I sell several digital products, as well as annual membership to receive access to a vBulletin forum (which gains access to all digital products for free), as well as one-on-one coaching. I'm trying to get all this setup now but I'm not understanding how. * What is the use of the folder versus creating different files? * If I want someone to have access to all files with the membership, should this be done via a folder? * Is there a way to upload protected files via an app like FileZilla instead of the admin area? * What about creating a private area of clients? Not an option each person can choose, but something I can give to those who work one-on-one with me? * What if I have a URL on my website that I'd like to only allow access to certain clients? I see that I can add a "Link" but it says it's not actually protected, just shows up in the member's options. Is there a way to protect pages on my website?
I will give this a go... In another post you were inquiring about a WordPress integration. So I am not sure if you are going for a aMember/WordPress/vBulliten mashup or what. All of the questions below have nothing to do with controlling access via vBulletin. I do not have intimate knowledge about vBulletin; therefore, all my responses below are dealing strictly with the aMember part (except one reference to vBulletin). When you add protection to a folder, each file inside the folder inherits the protection of the folder. This is covered in on this page in the aMember Wiki. If there is only going to be one level of membership, this would be the easiest approach. Yes, and that is covered on this page in the aMember Wiki. As far as I know, one-on-one is not supported directly in aMember. You would have to create a product for each user. However, you might be able to support this within vBulliten as private messages. This is refering to an external URL (something outside your website). Obviously you can't protect a link to a site that exsists on the open web. You can only show the URL to certain members, but they can bookmark the site for later use without logging in.
Yes you could call it a mashup. My website is a Wordpress site (theorganicsister.com) where I offer services and digital products. I also offer a membership where you get all the products, plus forum access. Does it require a folder? I think this depends on our respective definitions of membership. I offer a membership, but I also offer single products. The membership gains all products; the single products do not gain membership. But I'm assuming what you're meaning is what aMember considers a membership, which is anything someone can buy right? So my Digging Deep ebook product would be considered a "membership"? Ah I don't think I explained that well enough. I meant I work with clients, offering a coaching service. All coaching clients would gain access to the same things (essentially one of the digital products + I would need to give them the ability to access my online calendar - perhaps through using the Link option in the "Protect Content" area? - as well as access to purchase more sessions...but the ability to purchase sessions would not be available to everyone...I'd be fine editing members to have access to these things; just not sure how to keep non-clients from gaining access.) What about protecting a link to a page on my Wordpress site? I have a password protected page now (theorganicsister.com/clients) but I'd love to convert that over to be accessed by signing in to a members account.
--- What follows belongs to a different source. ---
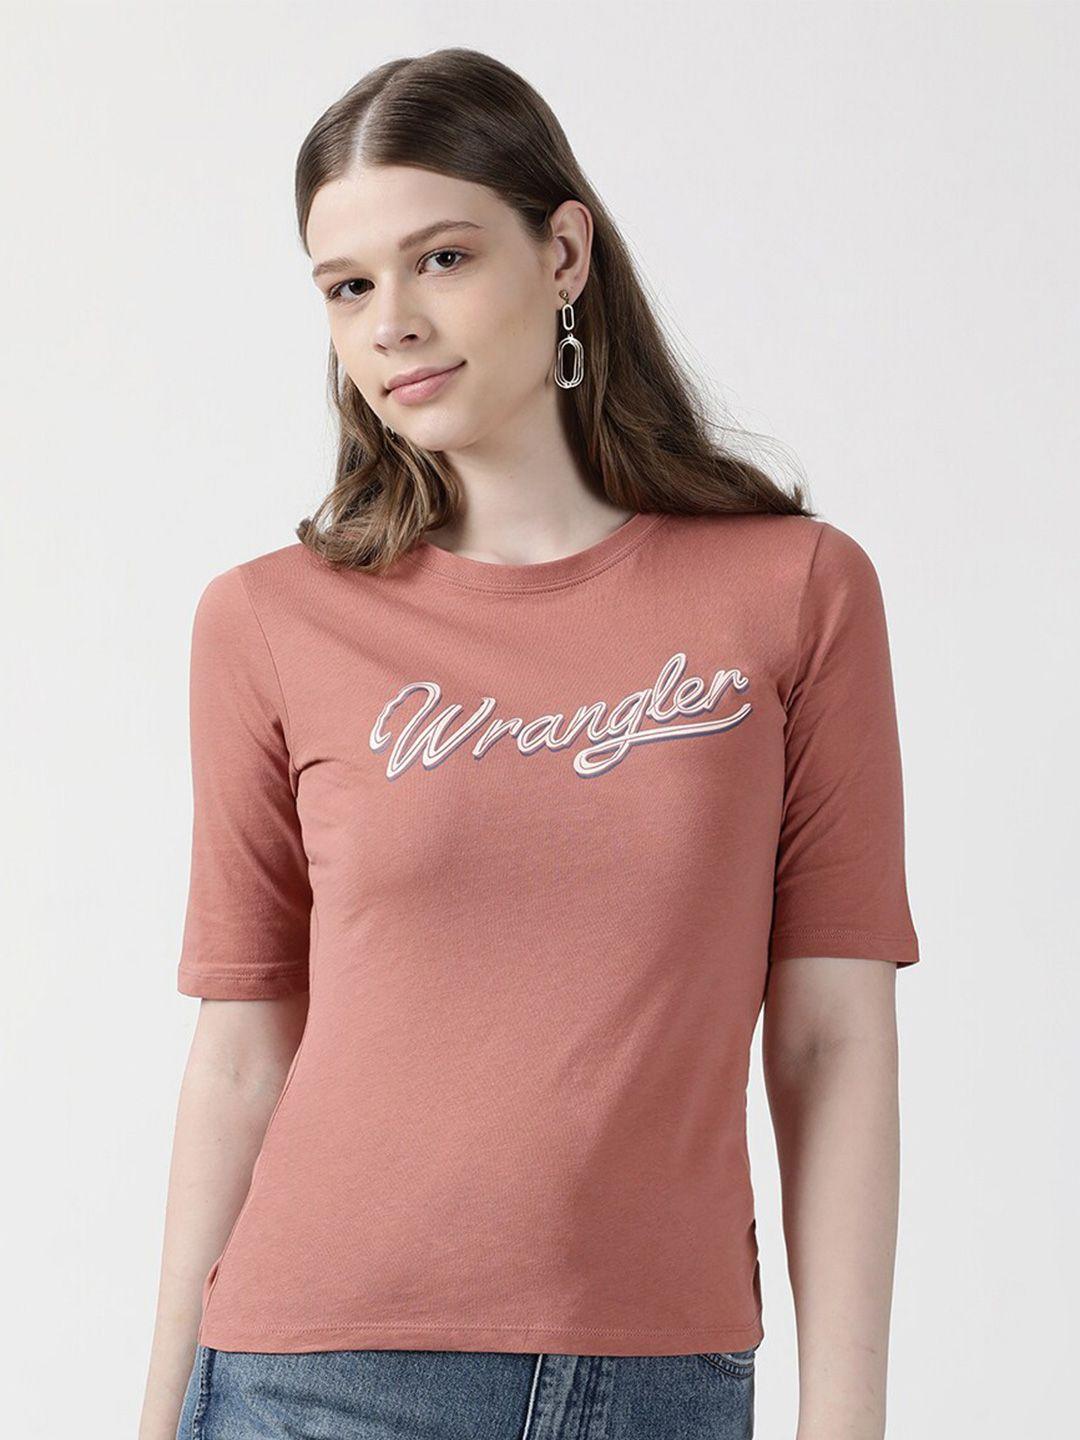 wrangler women typography printed cotton t-shirt
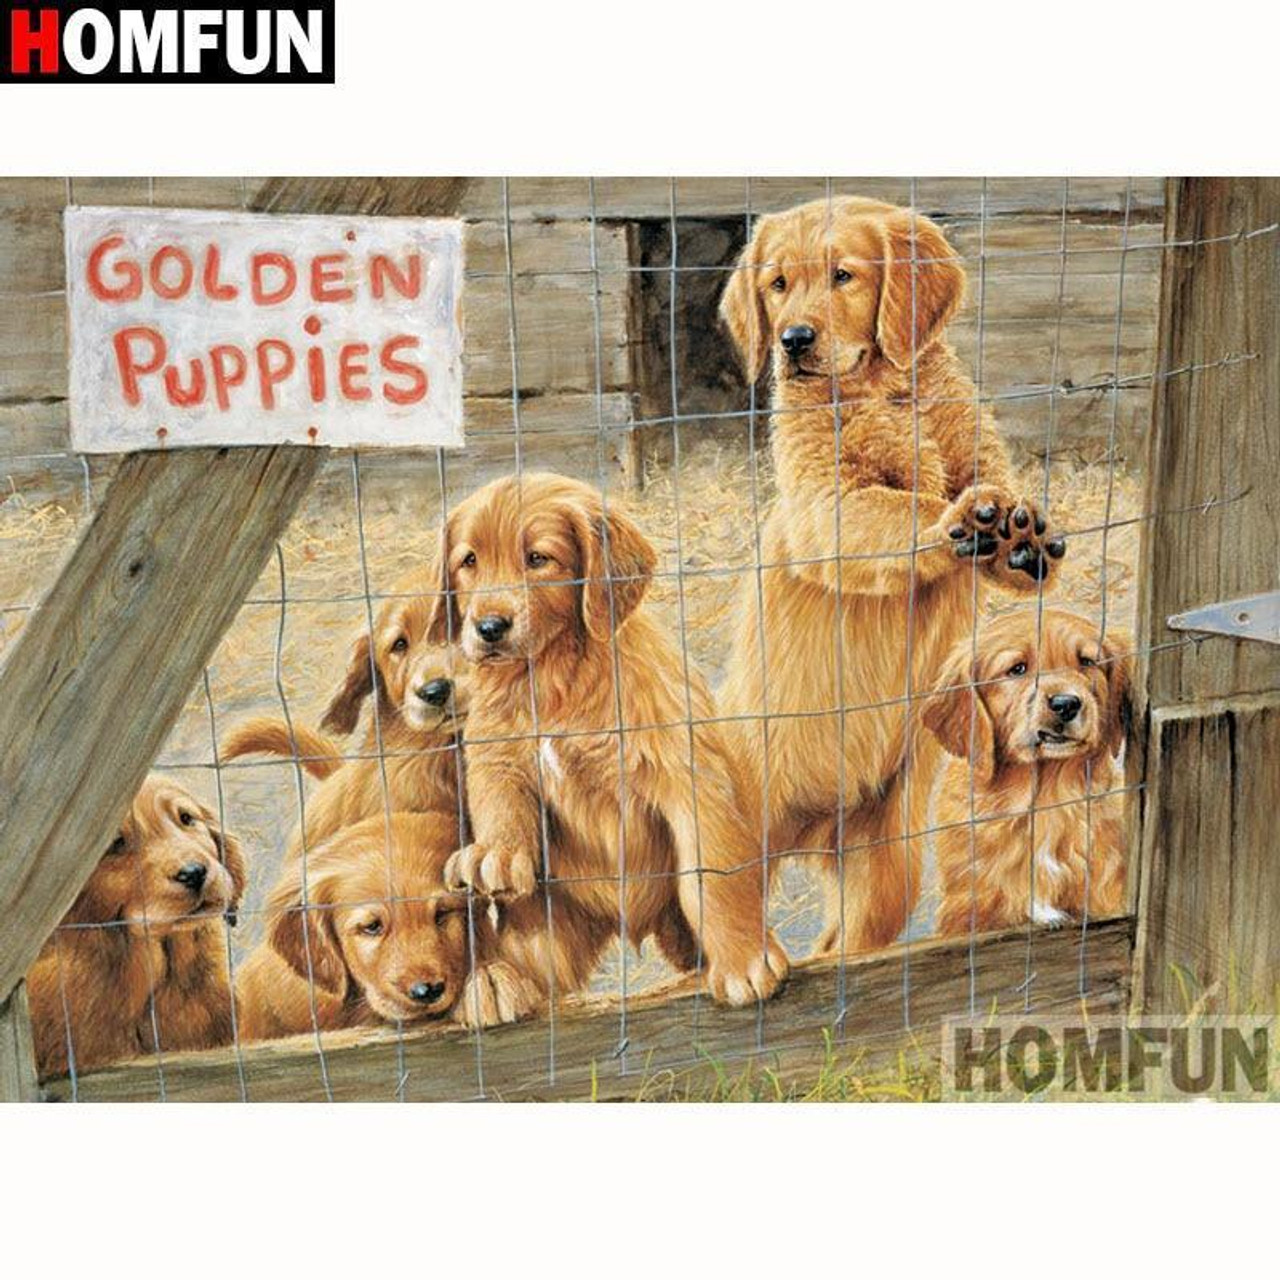 Golden Retriever Dog - Diamond Painting Kit

Tara, I looked at your site. It looks great. IMHO, you should perform a full WordPress/aMember integration and drop vBulletin. vBulletin is a discussion forum and if you want a discussion forum you could use bbPress which is a WordPress plugin. This would eliminate dealing with a three-way integration. Being a WordPress plugin, bbPress will integrate seamlessly and will inherit the WordPress theme look and feel. One more caveat related to bbPress. Since you are leaning towards one-to-one counselling, you should consider BuddyPress which is another WordPress plugin. It adds social features to an existing WordPress site including public, private, and hidden groups. It is also easy to conduct private messages with members, which is something else you seem to need. BuddyPress will integrate with bbPress to support group level forums. However, I would wait until BuddyPress 1.7 comes out in about a month. This version addresses some weaknesses that currently exist with the plugin. From 1.7 and up, I would consider BuddyPress ready for prime time. You can easily implement all the control you want using the aMember/WordPress integration. You can control which WordPress pages persons can view and even dynamically control the menu to only display links to pages they can see. You will not have to worry about file/folder protection unless you are serving up media that you want to protect. However, this path is going to to require that you, or somebody, follow the WordPress/aMember integration from the beginning to end. Virtually every question you have is addressed in the documentation. IMHO, this is how this would work. Perform the aMember/WordPress integration fully and set up the memberships and page protection. Make sure this is working fully and you understand how all this works. Only after you have successfully performed Step 1, and run the site for at least a month, install BuddyPress 1.7 and integrate the bbPress group forums. However, before you add this additional level of functionality, you need to read about this feature and make sure you are willing to handle yet another leaning curve. Good Luck.
Eep. That sounds like a big changeover. Unfortunately I already have 300+ members on my VBulletin site with countless threads. Would I lose those? Not sure I understand the pros and cons but I will look further into it.